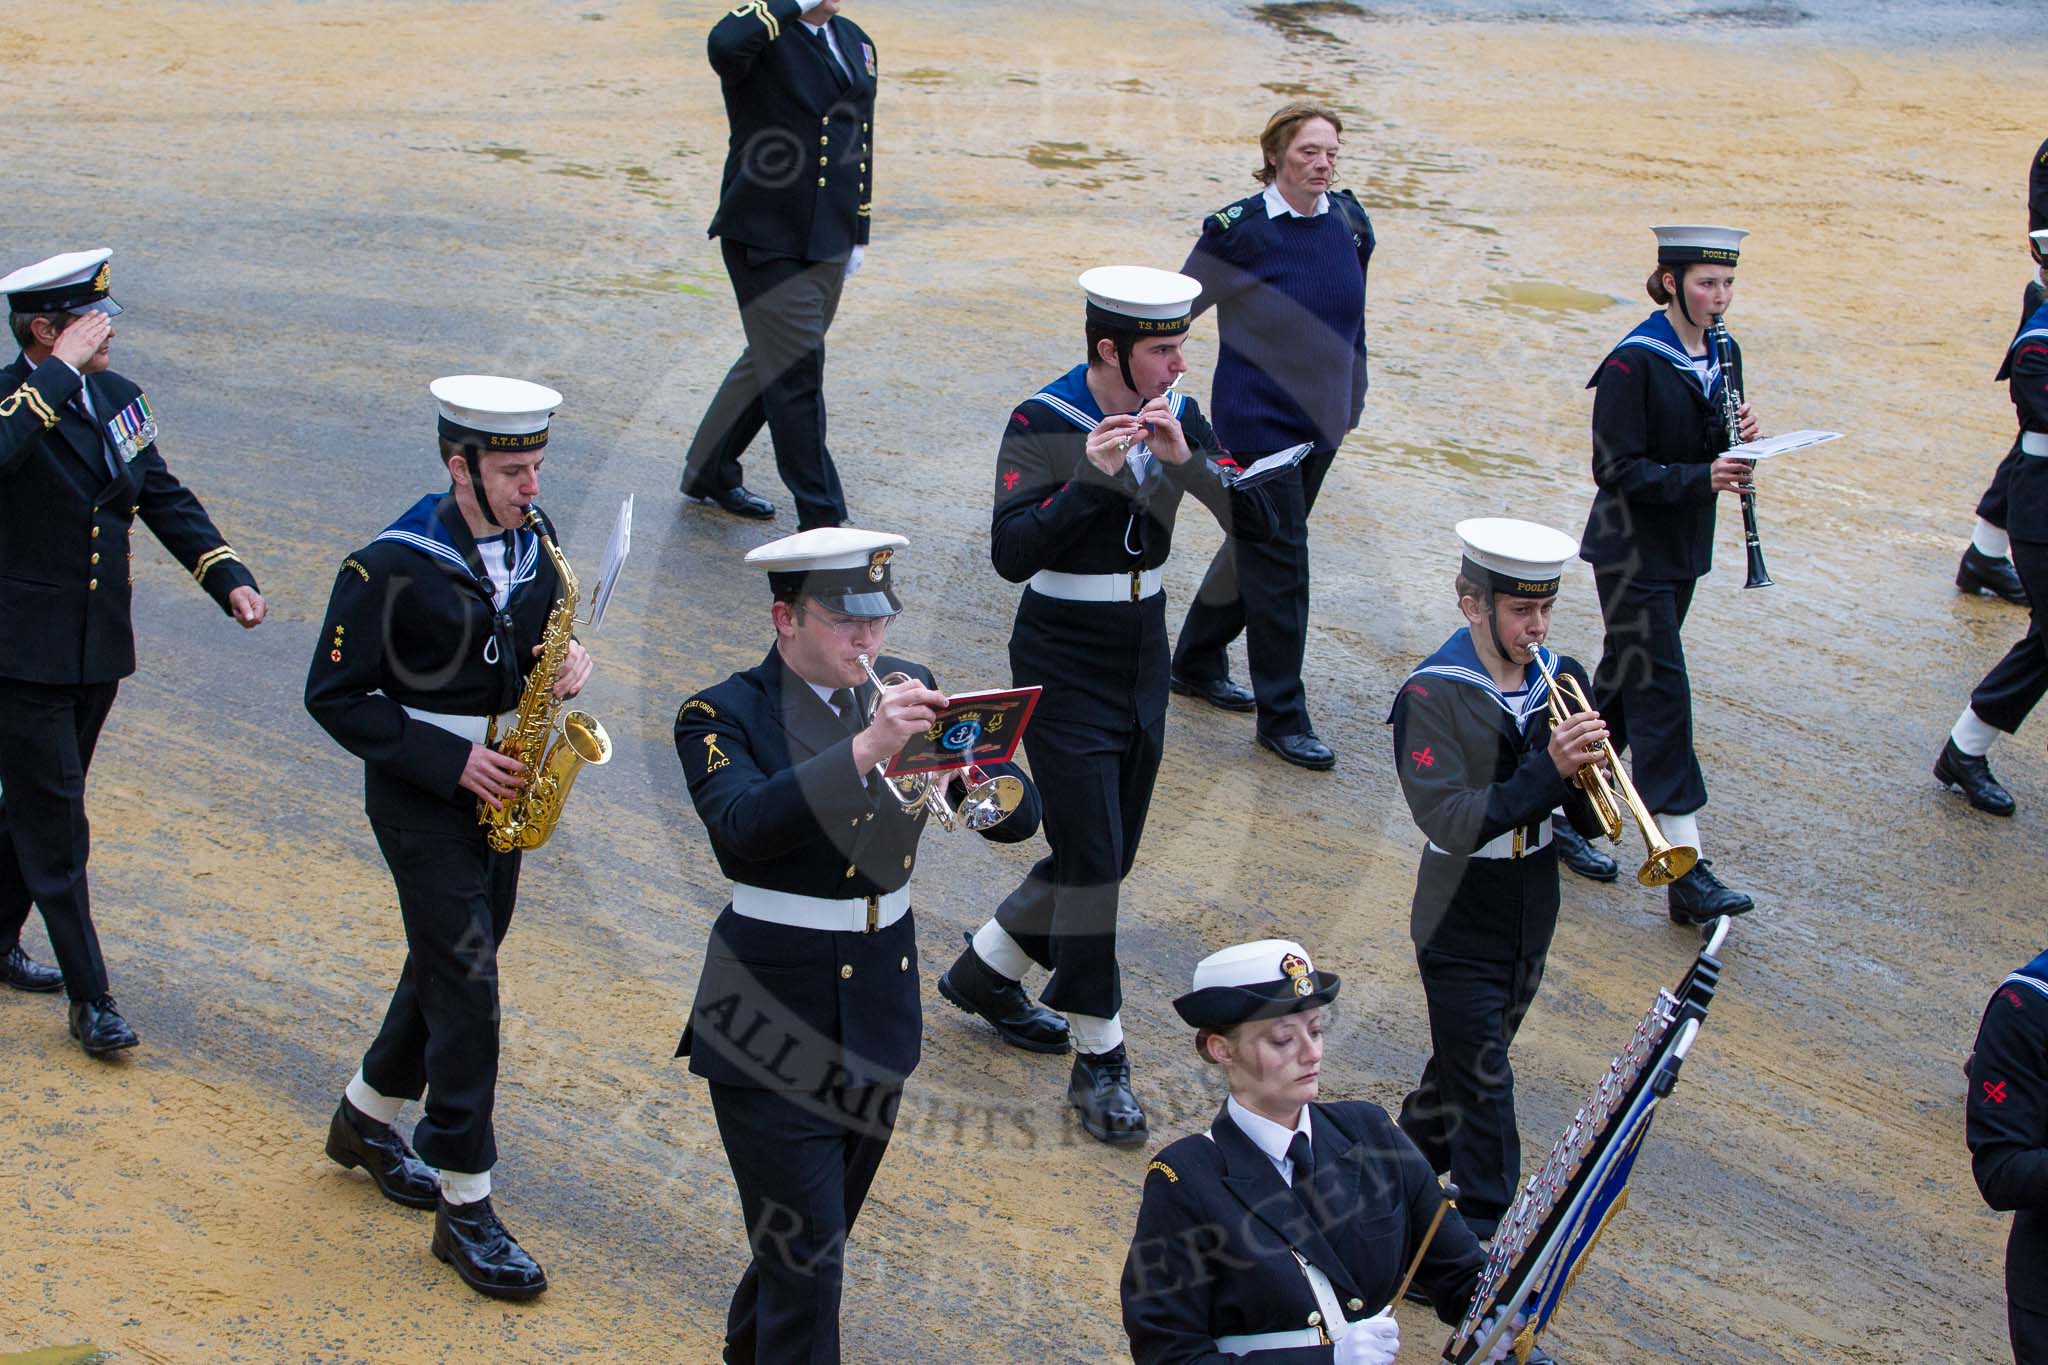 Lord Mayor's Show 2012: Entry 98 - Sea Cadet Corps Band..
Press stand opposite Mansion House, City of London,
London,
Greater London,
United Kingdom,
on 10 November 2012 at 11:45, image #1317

WORK ITEM —
Copy out the lines from the line containing "Press stand opposite" to the end of the listing above, without alteration.

RESULT FOR THIS TASK —
Press stand opposite Mansion House, City of London,
London,
Greater London,
United Kingdom,
on 10 November 2012 at 11:45, image #1317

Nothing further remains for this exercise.